[Task objective]
From the entries that follow, copy exactly the lines beginning at the line holding "naga-champa-hair-oil" and continuing through the line holding "GAZEBO(ガゼボ)「GAZEBO(幻想のガゼボ)」中古レコード アナログ LPの画像4".

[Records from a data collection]
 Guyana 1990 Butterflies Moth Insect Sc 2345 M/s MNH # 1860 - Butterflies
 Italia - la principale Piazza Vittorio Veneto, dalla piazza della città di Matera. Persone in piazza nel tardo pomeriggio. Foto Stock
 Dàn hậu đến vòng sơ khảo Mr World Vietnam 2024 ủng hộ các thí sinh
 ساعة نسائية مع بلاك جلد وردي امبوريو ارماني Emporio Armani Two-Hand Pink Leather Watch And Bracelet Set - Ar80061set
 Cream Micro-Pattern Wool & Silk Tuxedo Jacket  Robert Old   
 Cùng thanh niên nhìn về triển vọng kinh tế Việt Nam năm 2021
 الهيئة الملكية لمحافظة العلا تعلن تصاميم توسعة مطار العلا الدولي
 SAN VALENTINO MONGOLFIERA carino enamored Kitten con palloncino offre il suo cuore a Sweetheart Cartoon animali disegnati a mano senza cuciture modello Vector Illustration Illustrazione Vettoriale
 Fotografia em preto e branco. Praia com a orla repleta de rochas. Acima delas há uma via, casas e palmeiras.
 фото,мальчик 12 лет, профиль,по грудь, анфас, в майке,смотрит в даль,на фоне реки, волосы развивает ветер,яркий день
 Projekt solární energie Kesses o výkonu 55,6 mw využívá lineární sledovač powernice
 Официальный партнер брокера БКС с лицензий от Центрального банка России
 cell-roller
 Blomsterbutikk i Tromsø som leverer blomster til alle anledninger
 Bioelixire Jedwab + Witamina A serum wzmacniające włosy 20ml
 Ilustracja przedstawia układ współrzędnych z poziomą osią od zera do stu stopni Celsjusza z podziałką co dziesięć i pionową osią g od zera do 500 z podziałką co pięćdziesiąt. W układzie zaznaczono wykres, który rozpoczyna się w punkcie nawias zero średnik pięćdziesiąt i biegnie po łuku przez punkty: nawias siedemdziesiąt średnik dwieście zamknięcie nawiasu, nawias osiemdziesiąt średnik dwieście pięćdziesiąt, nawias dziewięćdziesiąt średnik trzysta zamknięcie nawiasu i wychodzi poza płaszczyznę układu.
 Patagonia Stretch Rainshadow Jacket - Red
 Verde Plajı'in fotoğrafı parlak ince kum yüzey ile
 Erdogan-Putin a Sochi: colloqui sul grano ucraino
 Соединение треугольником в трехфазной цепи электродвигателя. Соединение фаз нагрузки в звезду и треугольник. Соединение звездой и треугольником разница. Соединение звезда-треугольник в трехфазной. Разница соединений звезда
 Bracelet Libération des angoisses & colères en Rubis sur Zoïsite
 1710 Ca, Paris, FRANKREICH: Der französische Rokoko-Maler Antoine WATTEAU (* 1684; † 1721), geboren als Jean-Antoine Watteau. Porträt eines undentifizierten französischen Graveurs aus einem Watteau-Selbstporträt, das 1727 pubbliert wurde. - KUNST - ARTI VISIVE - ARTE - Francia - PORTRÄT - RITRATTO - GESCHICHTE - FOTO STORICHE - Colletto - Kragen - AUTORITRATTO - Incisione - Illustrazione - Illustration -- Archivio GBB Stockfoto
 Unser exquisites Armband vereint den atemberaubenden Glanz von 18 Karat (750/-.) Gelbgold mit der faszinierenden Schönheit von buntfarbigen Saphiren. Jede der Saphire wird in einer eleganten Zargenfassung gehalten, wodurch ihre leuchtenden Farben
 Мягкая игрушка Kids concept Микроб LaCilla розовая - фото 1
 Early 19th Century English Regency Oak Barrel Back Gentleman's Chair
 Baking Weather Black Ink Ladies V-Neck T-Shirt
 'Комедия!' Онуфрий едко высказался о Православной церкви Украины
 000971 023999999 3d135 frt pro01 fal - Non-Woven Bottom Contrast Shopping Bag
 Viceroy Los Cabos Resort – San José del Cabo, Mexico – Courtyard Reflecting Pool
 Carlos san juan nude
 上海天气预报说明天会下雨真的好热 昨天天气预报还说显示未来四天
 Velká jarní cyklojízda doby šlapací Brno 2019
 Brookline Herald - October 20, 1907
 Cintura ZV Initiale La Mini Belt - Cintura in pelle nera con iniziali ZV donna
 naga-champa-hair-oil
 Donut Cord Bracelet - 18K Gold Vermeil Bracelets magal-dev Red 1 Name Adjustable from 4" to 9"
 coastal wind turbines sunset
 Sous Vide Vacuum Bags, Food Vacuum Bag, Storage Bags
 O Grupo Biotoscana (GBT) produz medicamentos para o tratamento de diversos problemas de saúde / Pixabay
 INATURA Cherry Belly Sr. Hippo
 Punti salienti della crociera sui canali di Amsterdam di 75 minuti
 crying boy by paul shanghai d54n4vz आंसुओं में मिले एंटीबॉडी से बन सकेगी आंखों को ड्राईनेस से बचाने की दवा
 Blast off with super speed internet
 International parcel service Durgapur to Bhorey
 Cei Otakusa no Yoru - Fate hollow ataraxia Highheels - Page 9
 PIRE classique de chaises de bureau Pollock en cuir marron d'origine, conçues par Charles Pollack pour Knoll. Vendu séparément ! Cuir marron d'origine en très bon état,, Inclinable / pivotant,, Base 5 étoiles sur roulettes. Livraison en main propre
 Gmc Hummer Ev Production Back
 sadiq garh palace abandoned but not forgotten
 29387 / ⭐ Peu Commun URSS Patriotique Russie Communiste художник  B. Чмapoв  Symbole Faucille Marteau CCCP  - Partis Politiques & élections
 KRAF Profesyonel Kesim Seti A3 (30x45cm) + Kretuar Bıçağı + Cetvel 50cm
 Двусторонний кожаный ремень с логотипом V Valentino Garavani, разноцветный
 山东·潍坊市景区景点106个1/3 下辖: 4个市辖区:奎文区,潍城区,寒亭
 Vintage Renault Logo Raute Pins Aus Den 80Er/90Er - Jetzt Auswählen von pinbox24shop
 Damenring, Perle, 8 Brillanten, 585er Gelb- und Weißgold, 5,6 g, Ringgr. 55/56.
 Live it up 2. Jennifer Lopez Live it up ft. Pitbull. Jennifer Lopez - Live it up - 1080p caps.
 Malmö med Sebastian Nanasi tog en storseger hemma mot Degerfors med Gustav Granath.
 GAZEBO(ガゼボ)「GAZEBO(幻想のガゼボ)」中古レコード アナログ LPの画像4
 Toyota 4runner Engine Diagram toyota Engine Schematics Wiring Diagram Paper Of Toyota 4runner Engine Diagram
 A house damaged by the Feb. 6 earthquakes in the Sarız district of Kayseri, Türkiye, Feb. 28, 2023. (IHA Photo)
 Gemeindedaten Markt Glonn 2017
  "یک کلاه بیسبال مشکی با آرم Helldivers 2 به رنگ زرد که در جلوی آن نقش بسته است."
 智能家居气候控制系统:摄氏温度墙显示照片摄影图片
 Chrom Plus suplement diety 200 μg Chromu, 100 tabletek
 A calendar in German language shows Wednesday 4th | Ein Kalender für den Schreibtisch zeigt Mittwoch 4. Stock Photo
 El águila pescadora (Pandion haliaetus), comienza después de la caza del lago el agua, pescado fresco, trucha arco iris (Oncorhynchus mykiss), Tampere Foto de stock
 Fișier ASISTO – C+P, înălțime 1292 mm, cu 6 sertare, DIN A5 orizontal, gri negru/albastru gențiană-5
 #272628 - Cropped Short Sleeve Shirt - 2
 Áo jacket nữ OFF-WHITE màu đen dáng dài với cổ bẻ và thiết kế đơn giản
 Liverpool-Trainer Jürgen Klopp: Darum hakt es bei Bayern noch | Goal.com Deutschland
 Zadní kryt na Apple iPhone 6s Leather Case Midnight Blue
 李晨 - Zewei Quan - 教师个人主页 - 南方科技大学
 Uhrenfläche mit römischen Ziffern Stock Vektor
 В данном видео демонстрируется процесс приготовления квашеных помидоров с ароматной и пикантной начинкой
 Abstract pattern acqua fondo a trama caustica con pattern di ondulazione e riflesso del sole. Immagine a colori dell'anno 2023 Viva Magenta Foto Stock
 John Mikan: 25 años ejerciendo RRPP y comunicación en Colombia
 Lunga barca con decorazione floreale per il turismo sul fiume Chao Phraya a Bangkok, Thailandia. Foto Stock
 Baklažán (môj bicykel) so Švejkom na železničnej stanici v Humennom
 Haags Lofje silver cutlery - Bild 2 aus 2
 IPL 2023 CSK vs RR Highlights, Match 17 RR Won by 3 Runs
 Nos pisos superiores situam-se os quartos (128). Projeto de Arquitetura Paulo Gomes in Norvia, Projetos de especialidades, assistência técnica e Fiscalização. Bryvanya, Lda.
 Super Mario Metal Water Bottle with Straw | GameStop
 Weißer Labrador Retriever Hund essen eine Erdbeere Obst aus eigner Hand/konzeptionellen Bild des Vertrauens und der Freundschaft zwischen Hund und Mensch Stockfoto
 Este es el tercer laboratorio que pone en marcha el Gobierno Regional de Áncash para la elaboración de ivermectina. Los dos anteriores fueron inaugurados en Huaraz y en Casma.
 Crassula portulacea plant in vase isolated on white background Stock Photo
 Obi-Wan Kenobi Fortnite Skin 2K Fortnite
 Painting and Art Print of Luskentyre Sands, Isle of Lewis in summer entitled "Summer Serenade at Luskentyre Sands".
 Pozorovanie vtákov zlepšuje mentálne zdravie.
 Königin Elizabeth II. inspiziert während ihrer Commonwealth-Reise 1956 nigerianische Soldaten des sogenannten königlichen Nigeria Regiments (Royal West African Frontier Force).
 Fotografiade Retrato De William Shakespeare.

[Problem solution]
 naga-champa-hair-oil
 Donut Cord Bracelet - 18K Gold Vermeil Bracelets magal-dev Red 1 Name Adjustable from 4" to 9"
 coastal wind turbines sunset
 Sous Vide Vacuum Bags, Food Vacuum Bag, Storage Bags
 O Grupo Biotoscana (GBT) produz medicamentos para o tratamento de diversos problemas de saúde / Pixabay
 INATURA Cherry Belly Sr. Hippo
 Punti salienti della crociera sui canali di Amsterdam di 75 minuti
 crying boy by paul shanghai d54n4vz आंसुओं में मिले एंटीबॉडी से बन सकेगी आंखों को ड्राईनेस से बचाने की दवा
 Blast off with super speed internet
 International parcel service Durgapur to Bhorey
 Cei Otakusa no Yoru - Fate hollow ataraxia Highheels - Page 9
 PIRE classique de chaises de bureau Pollock en cuir marron d'origine, conçues par Charles Pollack pour Knoll. Vendu séparément ! Cuir marron d'origine en très bon état,, Inclinable / pivotant,, Base 5 étoiles sur roulettes. Livraison en main propre
 Gmc Hummer Ev Production Back
 sadiq garh palace abandoned but not forgotten
 29387 / ⭐ Peu Commun URSS Patriotique Russie Communiste художник  B. Чмapoв  Symbole Faucille Marteau CCCP  - Partis Politiques & élections
 KRAF Profesyonel Kesim Seti A3 (30x45cm) + Kretuar Bıçağı + Cetvel 50cm
 Двусторонний кожаный ремень с логотипом V Valentino Garavani, разноцветный
 山东·潍坊市景区景点106个1/3 下辖: 4个市辖区:奎文区,潍城区,寒亭
 Vintage Renault Logo Raute Pins Aus Den 80Er/90Er - Jetzt Auswählen von pinbox24shop
 Damenring, Perle, 8 Brillanten, 585er Gelb- und Weißgold, 5,6 g, Ringgr. 55/56.
 Live it up 2. Jennifer Lopez Live it up ft. Pitbull. Jennifer Lopez - Live it up - 1080p caps.
 Malmö med Sebastian Nanasi tog en storseger hemma mot Degerfors med Gustav Granath.
 GAZEBO(ガゼボ)「GAZEBO(幻想のガゼボ)」中古レコード アナログ LPの画像4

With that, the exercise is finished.